If they have covered emergency corpus and health insurance in check. They don’t have to be in this scenario.
It’s not their mistake, because most people are still not aware of this. I’ve covered these 3 basics in this post in detail. Check it out later.
Though you may find these things small. If you do not take these 3 basics seriously, believe me, they are all the biggest wealth destroyers.
#3 Going full-on equity
One of the common mistakes all retail investors make is “going full-on equity”, even me before.
Markets can go down again, like in the 2008 financial crisis or the 2020 COVID crash.
If you’re 100% invested in equities and something goes wrong in the market, your entire portfolio will be affected, and it might even take years to get back to normal.
From housing finance crash, if you invested in Nifty in December 2007, you’d be negative in returns until September 2013. You should have waited for 5 years (Dec 2013) to get a positive return.
What would you do if you wanted money in this situation? Will you book a loss and exit?
100% equity will not only make your portfolio red, but also it will not give you the confidence to invest again in the market. (But this is the time you’ve got to invest)

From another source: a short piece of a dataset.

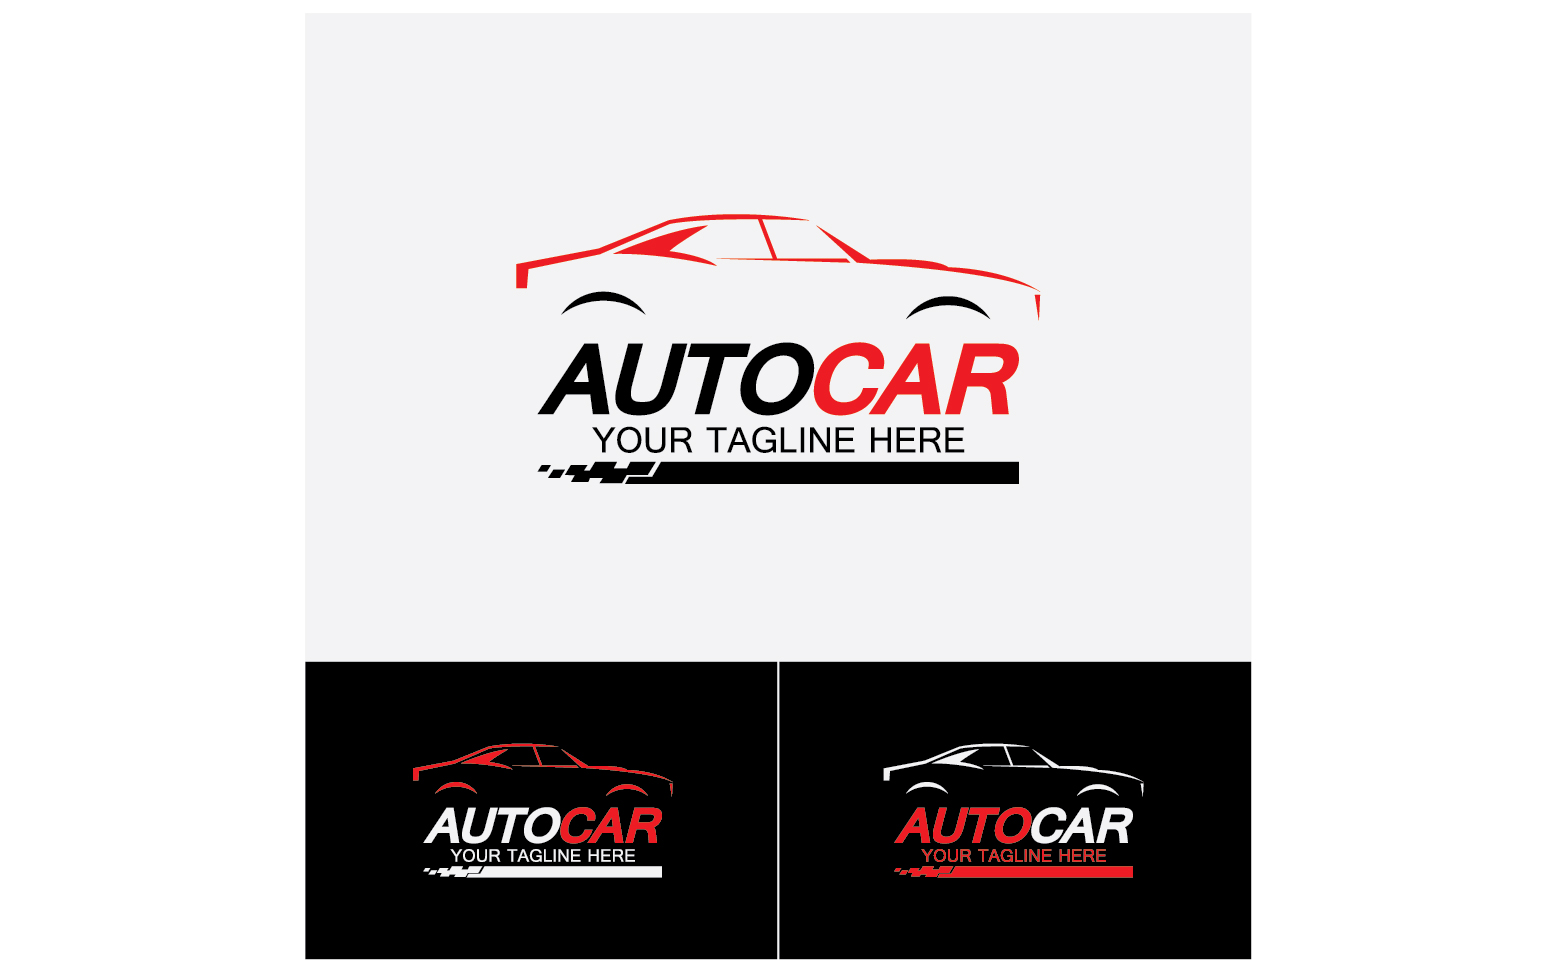 Cars dealer, automotive, autocar logo design inspiration. v33
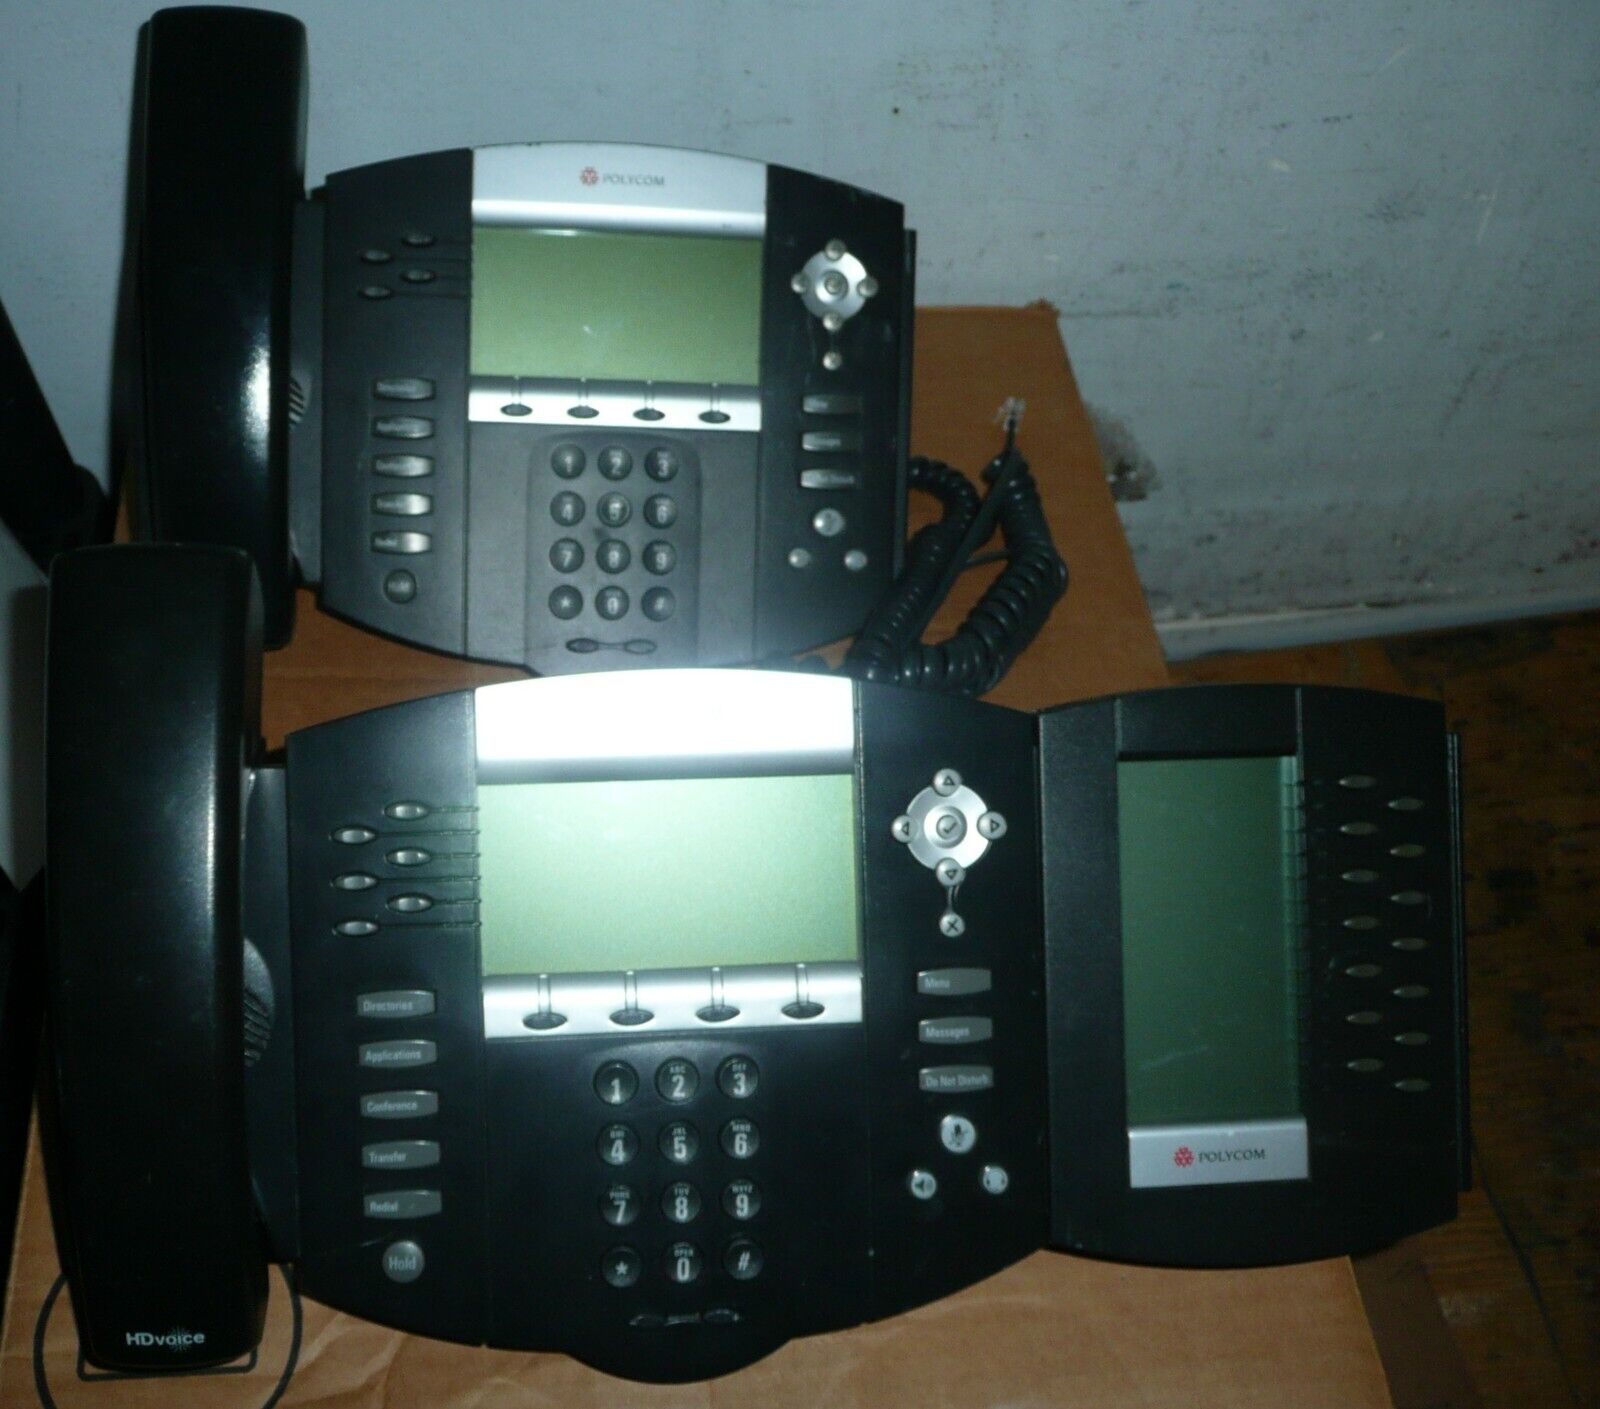 Lot of 2 Polycom Business IP Phones IP550 + IP560 w/ BEM 2201-12630-001 12750

The solution is that (100 – your age) % should be in equity. And for the rest, you must stay on a fixed income.
It can be either in EPF, bonds, or any debt mutual fund. These can act as a pillar of support during financial distress.
#4 Buying products immediately
At the initial stages of my career, when my salary got credited, I used to buy things from my wish list (irrespective of needs and wants).
I even bought products for a price that equaled my salary.
Here, I’m not telling you not to buy any stuff, but not immediately.
Nowadays, I use a “goal-based investing” model for buying products.
In case I need to buy a new smartphone, let’s say 30,000 INR. I’m not going to buy it tomorrow immediately, even if I am able to afford it.
Suppose I could run with the current smartphone for the next 6 months. Then I’ll invest 5,000 INR every month in an arbitrage fund. At the end of the sixth month, I’ll have 30K + a little interest.
Now, I will withdraw the money from the fund and buy myself a new smartphone.
Why do you have to do this?
- You’re giving yourself enough time to decide whether the decision to buy a smartphone is good or not.
- You get minimal interest for the amount invested. With that, you can buy decent-quality mobile accessories (especially for the iPhone, where you need to buy everything other than the phone).
- If you’ve bought a phone immediately, then you’re screwed with the current month’s expenses. But by goal-based investing, you just have to spend an additional 5K on your expenses.
So, consider this method when buying new gadgets, saving for a sister’s marriage, or buying a new home. Based on your goal’s tenure, you can choose funds accordingly.
See later: Are you overspending? Want to control it?
Closure
These are the few mistakes I see people around me make over and over without correcting them; hopefully, this post will wake you up and help you do the right thing on your personal finance journey.